In Buffalo, McBean competed in the single sculls and the coxless four.

In the sculls, she took silver in 8min 14.188sec behind Romania's Veronica Cochela, who won in 8:10.811, with bronze going to Poland's Winiewska in 8:31.457. 

At that point, Cochela had already won two Olympic silvers in the double scull, and silver and bronze in the quadruple sculls, and she went on to be a part of the eight that earned gold at the Atlanta 1996 and Sydney 2000 Olympics.

Marnie McBean won three Olympic gold medals with Kathleen Heddle ©Getty Images
Marnie McBean won three Olympic gold medals with Kathleen Heddle ©Getty Images

McBean got to the top of the podium in the coxless four, where Canada won in 6:40.680 from a Romanian crew containing Cochela, which clocked 6:42.670, and France, who finished in 6:56.423.

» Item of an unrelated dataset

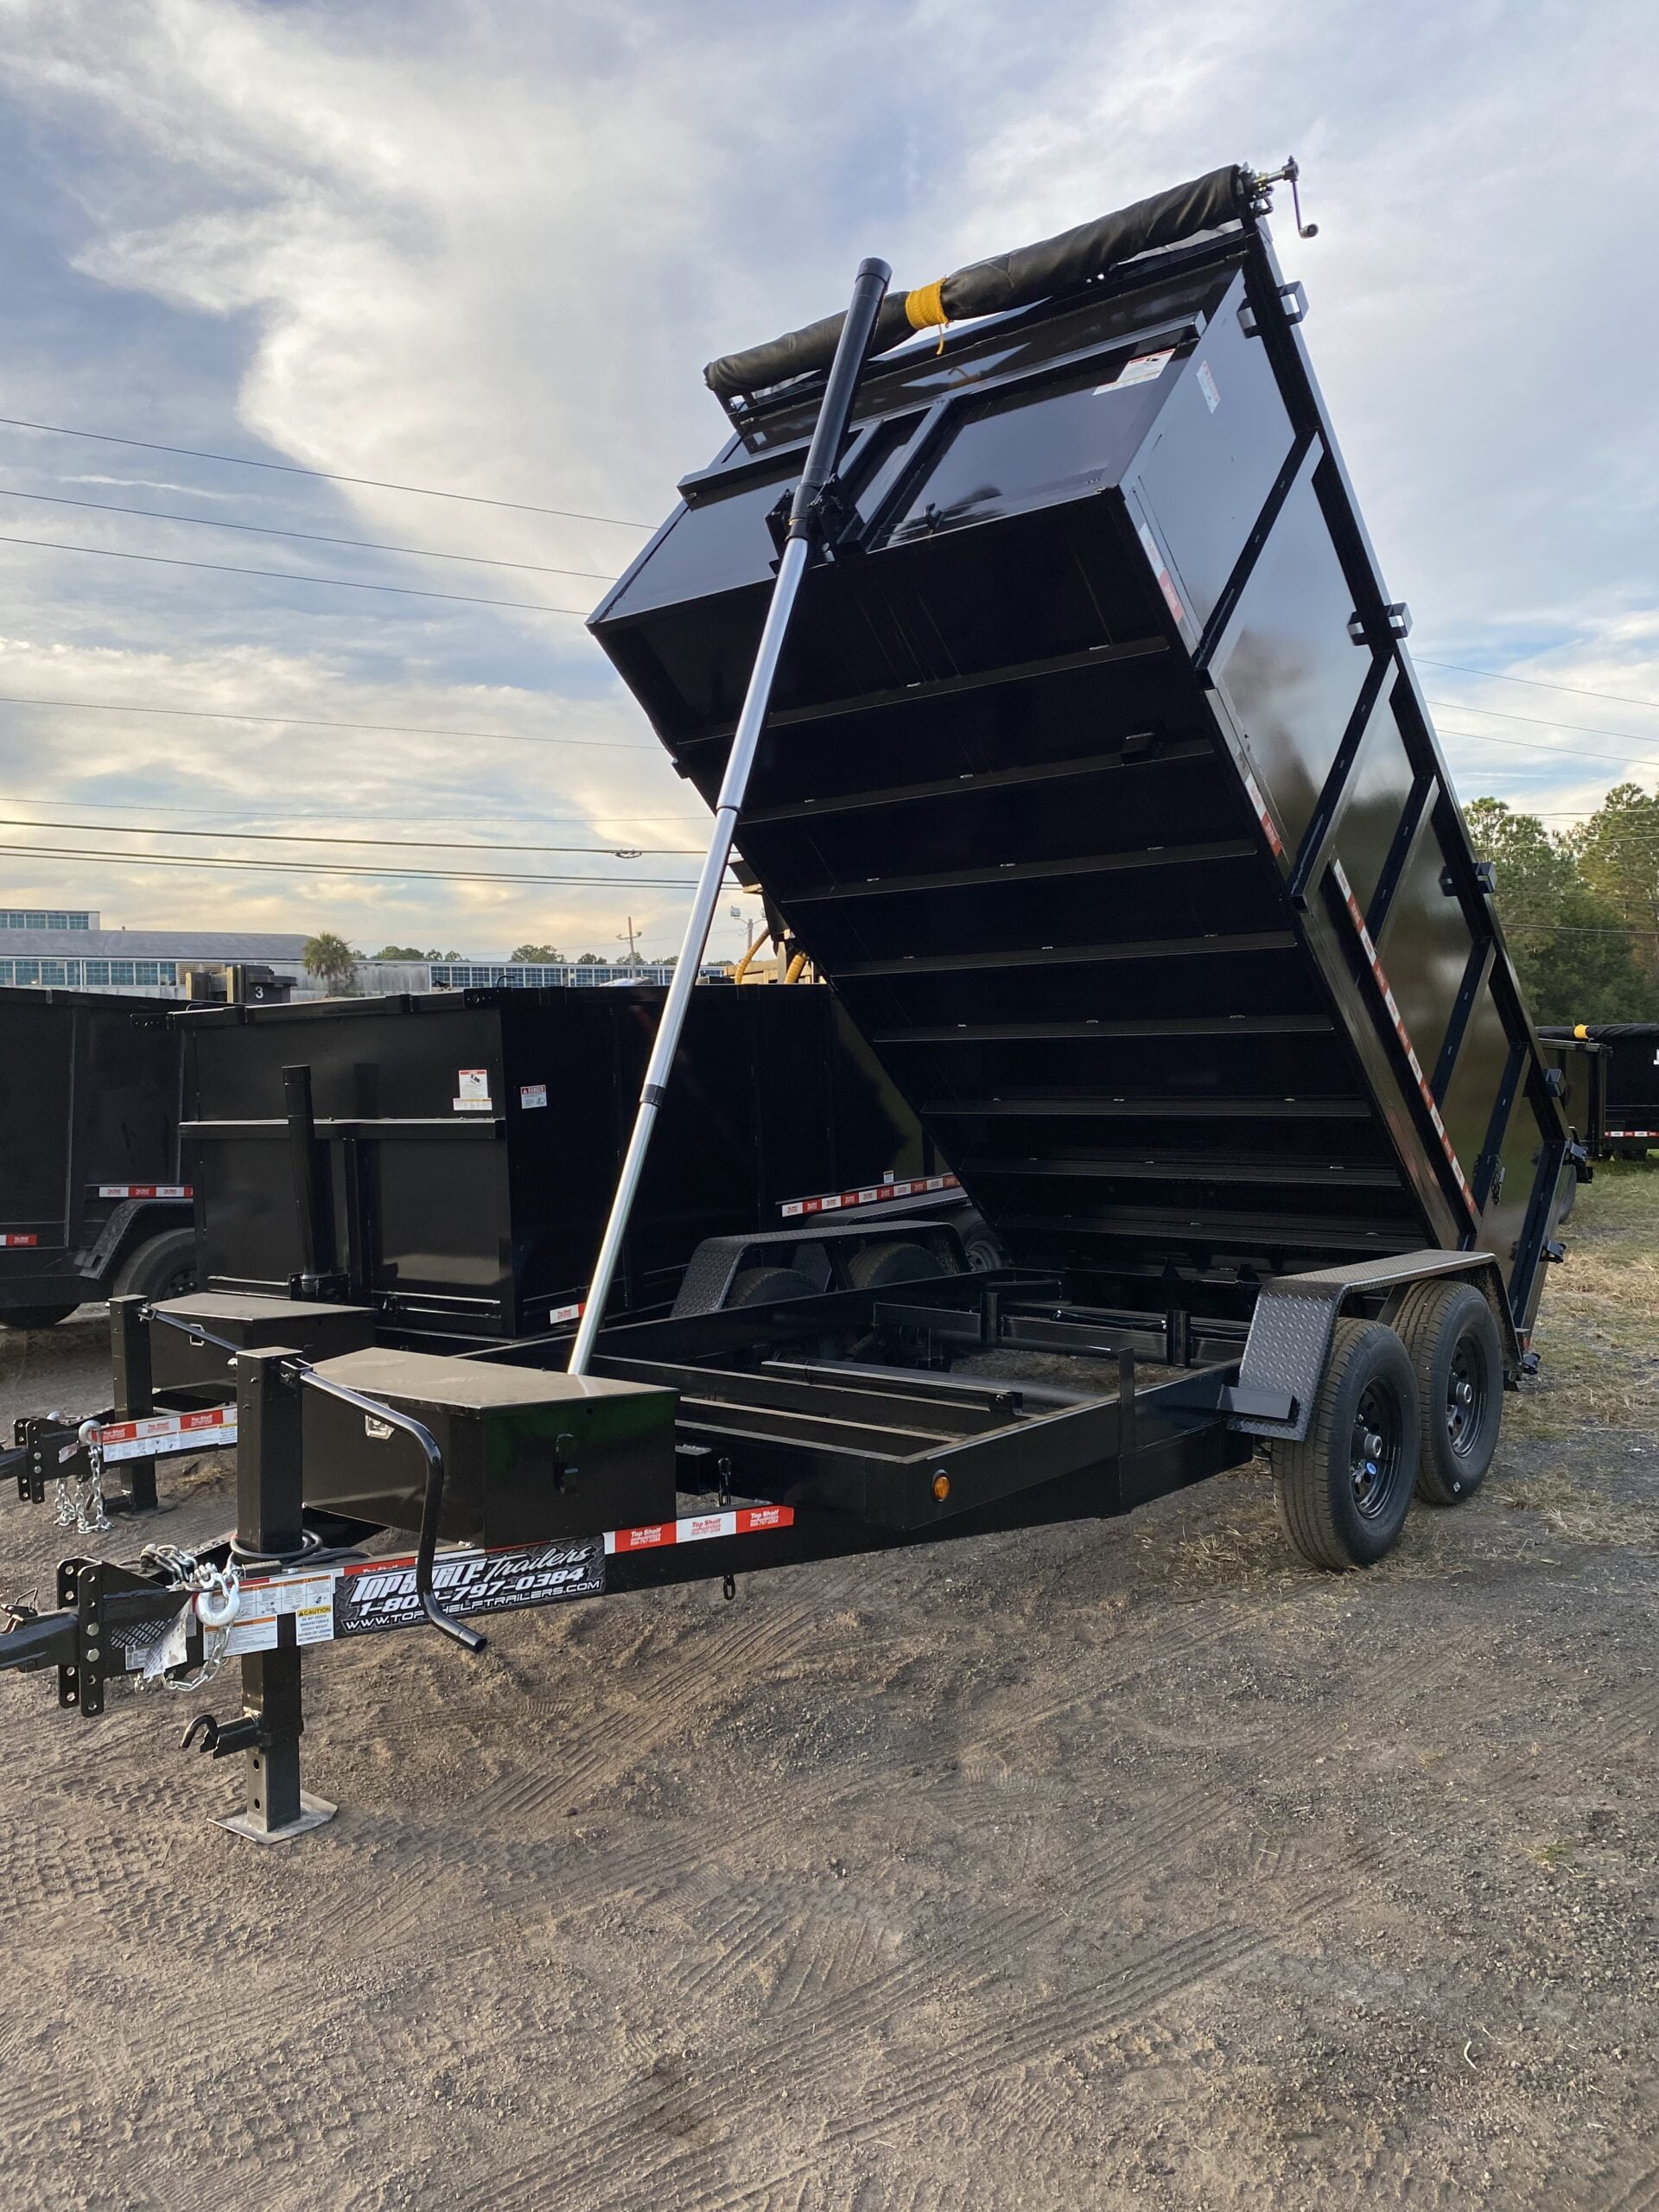 heavy duty dump trailer with telescopic lift built by Top Shelf Trailers

Three years later at the Atlanta 1996 Olympics, McBean and Heddle showed their versatility by winning the double sculls gold and both were in the quadruple sculls crew that earned bronze.

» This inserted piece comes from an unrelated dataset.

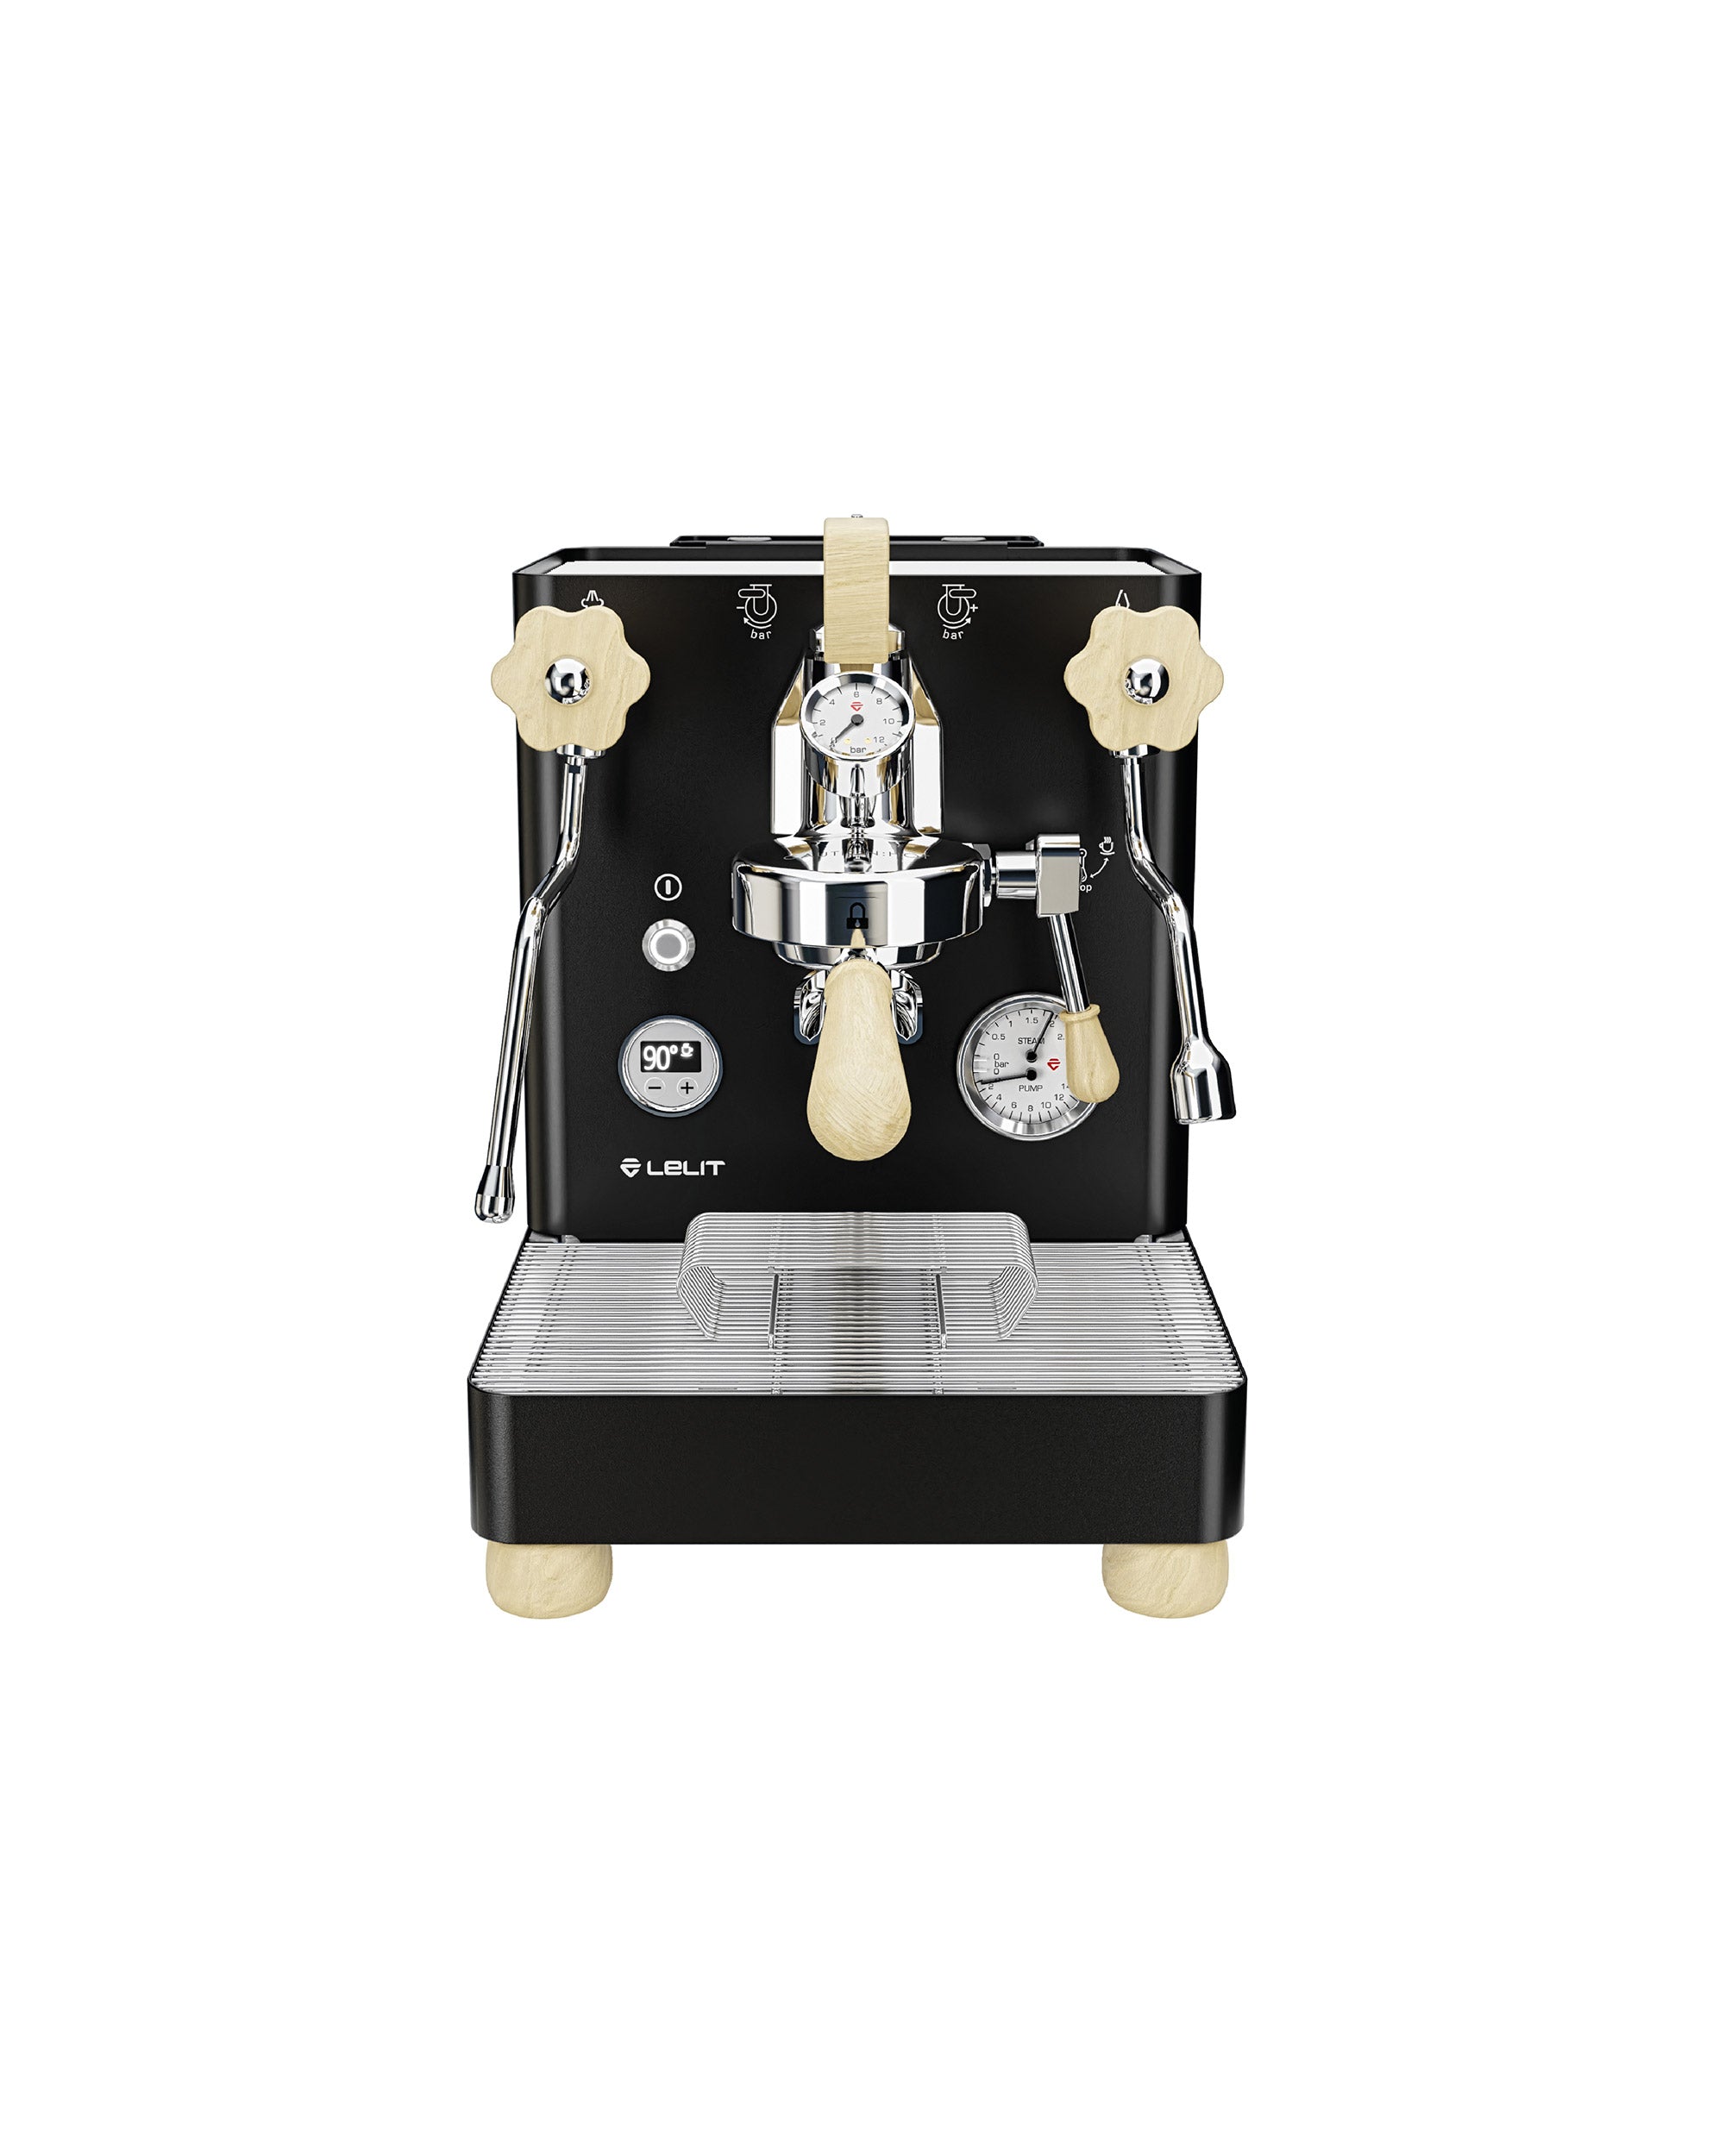 Residential manual espresso machines

During her career, McBean also earned a total of eight world medals before her retirement three weeks before the Sydney Olympics in 2000, where she was due to compete in the single sculls, due to two ruptured discs in her back.

At the World Championships, Heddle and McBean had won gold in both the pair and the eight in 1991, as well as double sculls silver in 1993 and gold in 1995. Both were part of the silver medal-winning quadruple sculls crew in the latter year.

"In Sydney [2000], when the chance to medal disappeared with a blown disc in my back, I learned more about myself, kindness and the Olympics, than I could otherwise have imagined," she said.

McBean was appointed as Canada's Chef de Mission for Tokyo 2020 in July 2019.